Overpopulation still a major challenge to Nigeria, Africa – Dr. Appiah

Dr. Leticia Adelaide Appiah, the Executive Director, National Population Council, Ghana stated this in a recent interview, with a reporter, on the far-reaching consequences of escalating population in many African countries including Nigeria and Ghana. Excerpts:

 

Dr please what is your academic and professional background?

I completed medical training in June 1993 from Donetsk Medical School in Ukraine and came home immediately fired up to contribute my quota to national development. During my training in Donetsk, the maternity ward was the happiest of all the wards because; there was joy, flowers and smiles when babies were born. I therefore decided that I needed to specialise as an obstetrician gynaecologist because I wanted to be there to always welcome new precious citizens into our world. However, when I started practicing medicine in Ghana, I realised to my dismay and sadness that not all babies in Ghana are received in the world with joy, laughter and smiles. Some parents are ill prepared to receive them whiles some are just not wanted and end up abandoned, malnourished or simply maltreated. I therefore decided to pursue a Master’s in Public Health to enable me get closer to the community since health or diseases are manufactured in homes which is the best place for health interventions for maximum effect. In 2003 I completed my Master’s in Public Health and completing my PhD in public health this year.

I was appointed as the Director of Health Services in 2008 at the Ledzokuku-Krowor Health Directorate in the greater Accra Region when the Municipality was newly established, a position I held until November 2016 when I was appointed the Executive Director of the National Population Council, the highest advisory body to the government of Ghana on population and related issues.

 

What is over population?

Over population is an undesirable condition where numbers of existing human population exceed the carrying capacity of the earth. This is because of reduced mortality rate, better medical facilities, industrialization and improved public health and high fertility levels.

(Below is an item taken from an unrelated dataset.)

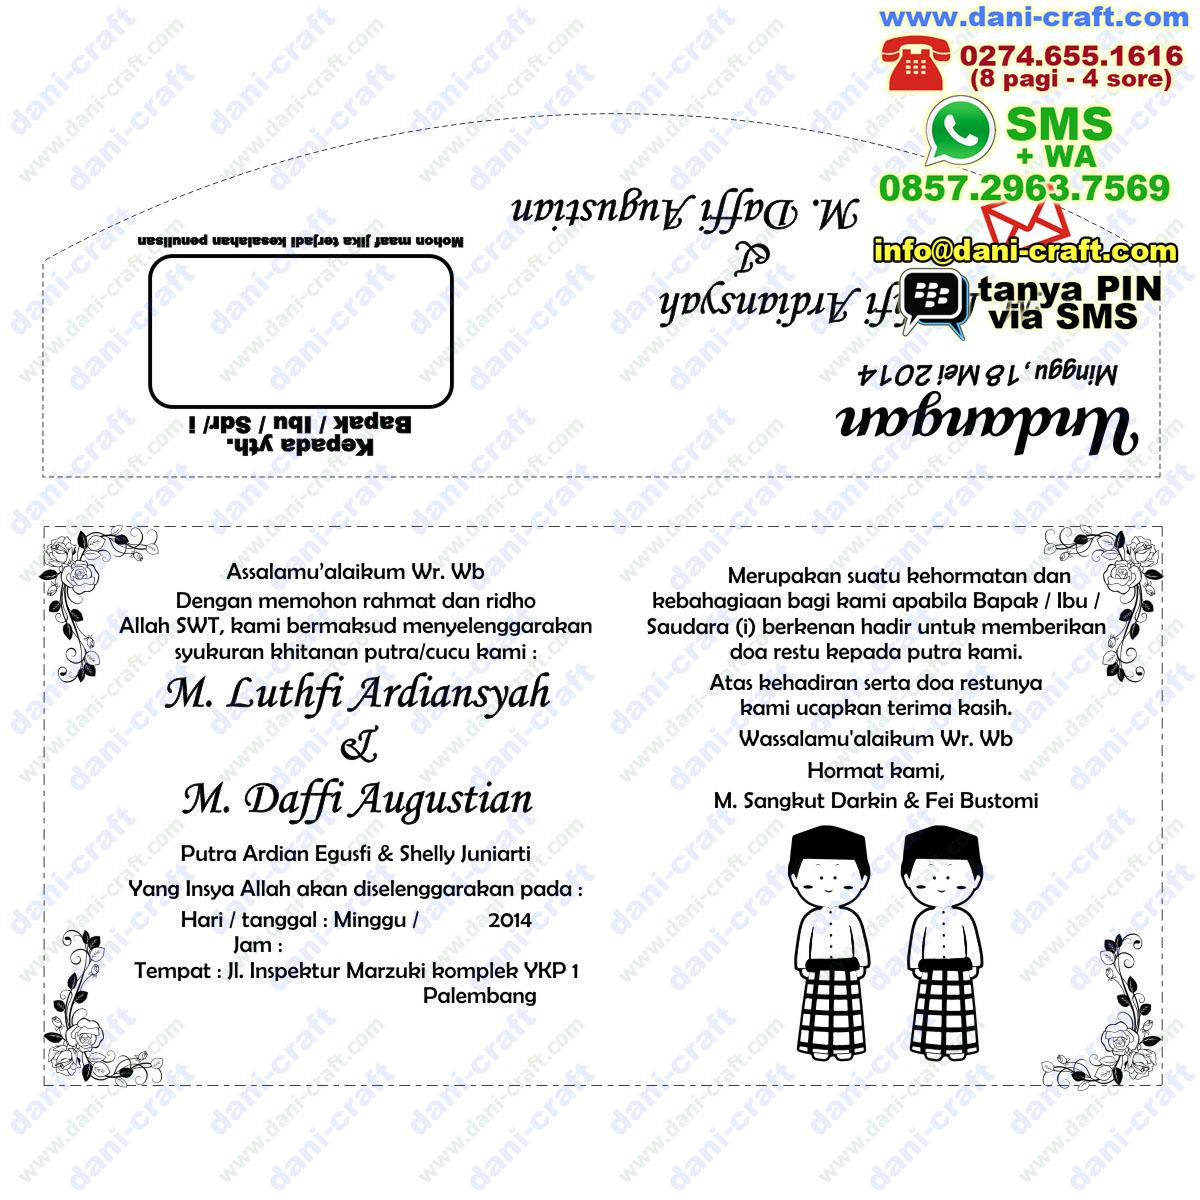 Contoh Undangan Syukuran Khitanan Doc ~ Harga Undangan Tas ...

Currently, Africa’s problem is the extremely rapid population growth rate that makes it extremely difficult for governments to supply the needed social and economic programs to improve quality of life. For example, the total population in Nigeria was estimated at 191 million people in 2017 and a net increase of about 14, 000 people (21,000 births and 7,000 deaths) daily or about 5 million annually. In 1960, Nigeria had 45.1 million people. The United Kingdom on the other hand had a population of 52.2 million people in 1960 and was estimated at 66.2 million people in 2017, according to the latest census figures. Though UK had more people than Nigeria in 1960, Nigeria has about three times more people compared to UK in 2017.

Such high population growth rates lead to widespread food shortages, malnutrition, crowded and sub-standard schools, crowded hospitals, teeming slums, inadequate water supply, inadequate electricity supply, failing banks and security threats among others. After all, nation building is by the people and for the people. There is therefore the need to balance the reproduction and production capacities of the citizenry through effective policies and programs with the welfare of the people as the paramount goal. Healthy people are more productive while unhealthy, malnourished, stunted, poorly skilled people consume more than they produce.

 

What are the major causes and consequences of this challenge?

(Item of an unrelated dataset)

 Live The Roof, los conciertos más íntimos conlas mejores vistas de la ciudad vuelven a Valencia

 The population growth rate which is a function of birth rate, death rate and migration, acts as the supply of labour force for a country and the economic situation -the demand factor. An imbalance between the supply of labour and demand gives rise to unemployment, underemployment and poverty. A vicious cycle generated by a high dependency burden associated with a young age structure leads to low savings and investment per capita by families and nations which in turn leads to low economic growth and a low standard of living. The produce of high fertility rates in turn heightens the dependency burden perpetuating the cycle putting pressure on governments to spend more just to maintain quality of life. Some economists have stated that at 1 percent population growth rate, nations need between 6.5 percent and 7 percent of GDP to maintain the same quality of life. This is termed running to stand still. With Nigeria growing at over 2 percent growth rate, how much of GDP is needed just to maintain quality of life?

 

Dr What should be done to curb these negative trends?

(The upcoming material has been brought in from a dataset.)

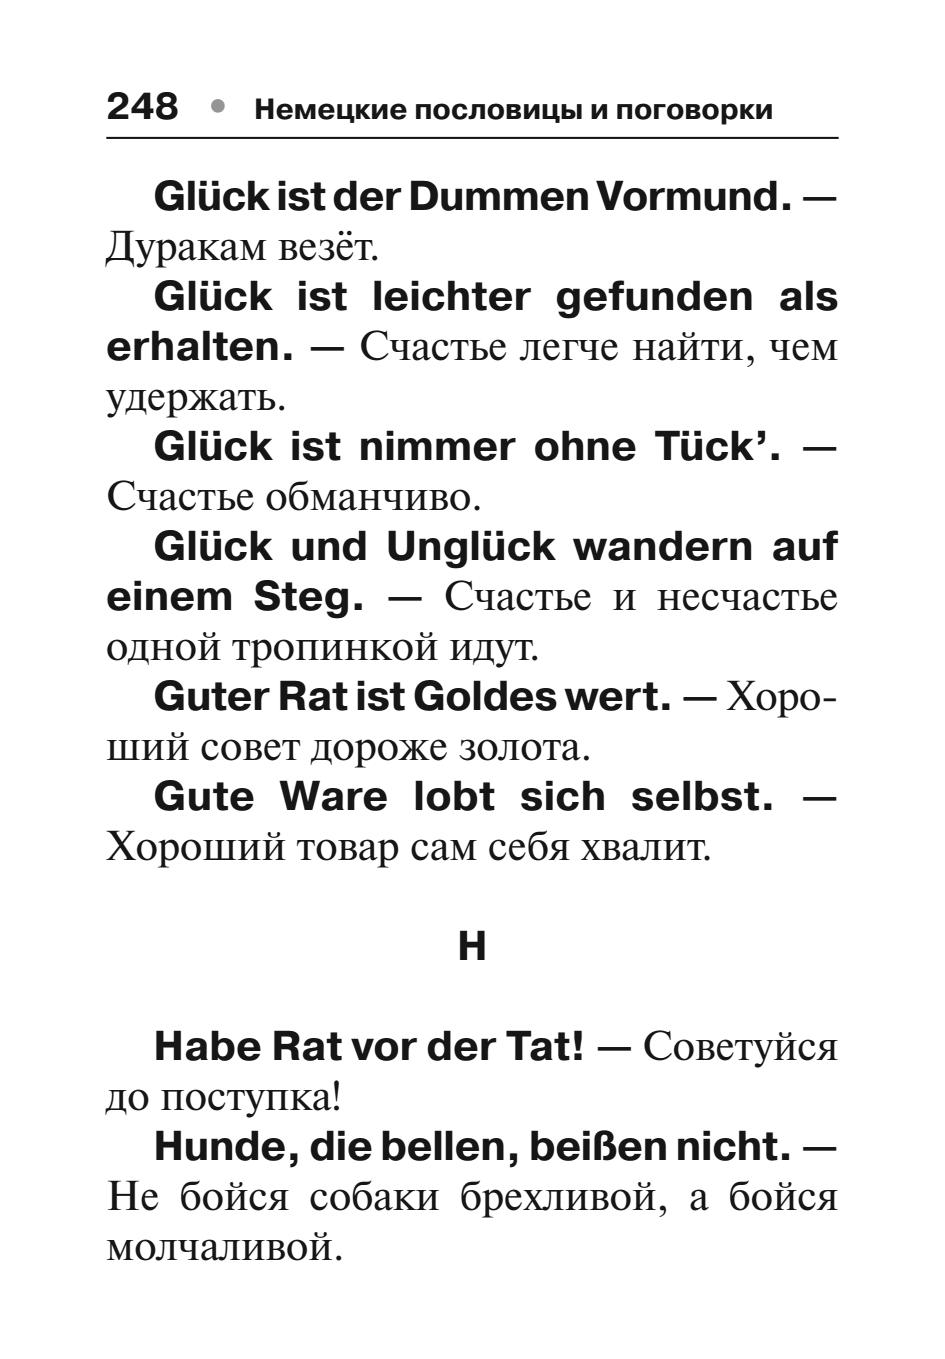 Пословицы на немецком в картинках

This vicious cycle can be broken at only two points. First, at the high fertility stage primarily by introducing an effective family planning program and at the stage of low economic growth by adopting policies to accelerate economic growth. To be successful, both actions must be pursued simultaneously. Balancing reproduction and productivity is key to national development. Unfortunately, some of our leaders focus only on the productive part of education and job creation with little attention to the reproductive needs of their citizens thereby keeping a lot of women and girls under the bondage of involuntary reproduction and nations bearing the consequences thereof.

 

Please would you like to mention a few countries that have achieved success in population control especially Ghana?

Thailand within 15 years from 1971 halved it’s growth rate from 3.2 percent to 1.6 percent and increased use of contraceptives among married couples from 15 percent to 70 percent within the same period and number of births per woman reduced from 6 to 2 The population of Thailand in 1970 was about 37 million and increased gradually to about 68 million in 2016 with GDP per capita increasing from $570 in 1960 to $ 5901 in 2016. In effect, Thailand produced fewer, healthier, happier and more educated people for national development.

Rwanda is another country which places emphasis on the harmonization of population growth in its Economic Development and Poverty Reduction vision 2020. The reduction of the main causes of mortality, reducing total fertility rate, decreasing infant and maternal mortality and ultimately reducing population growth as the thrust of the vision. The vision identified high population growth rate as a major challenge and singled out Family Planning (FP) as a key intervention crucial for reducing birth rates and improving quality of life.

The program has so far been successful that the contraceptive prevalence rate among married women increased from 4 percent in 2000 to 10 percent in 2005 to 45 percent in 2010 (RDHS, 2005 & 2010) and the total fertility rate decreased from 6.1 per woman in her lifetime in 2005 to 4.6. In 2010, maternal mortality ratio reduced from 750 per 100,000 live births in 2005 to 487 per 100,000 live births in 2010 underscoring the important role of FP in addressing population growth and improving quality of life.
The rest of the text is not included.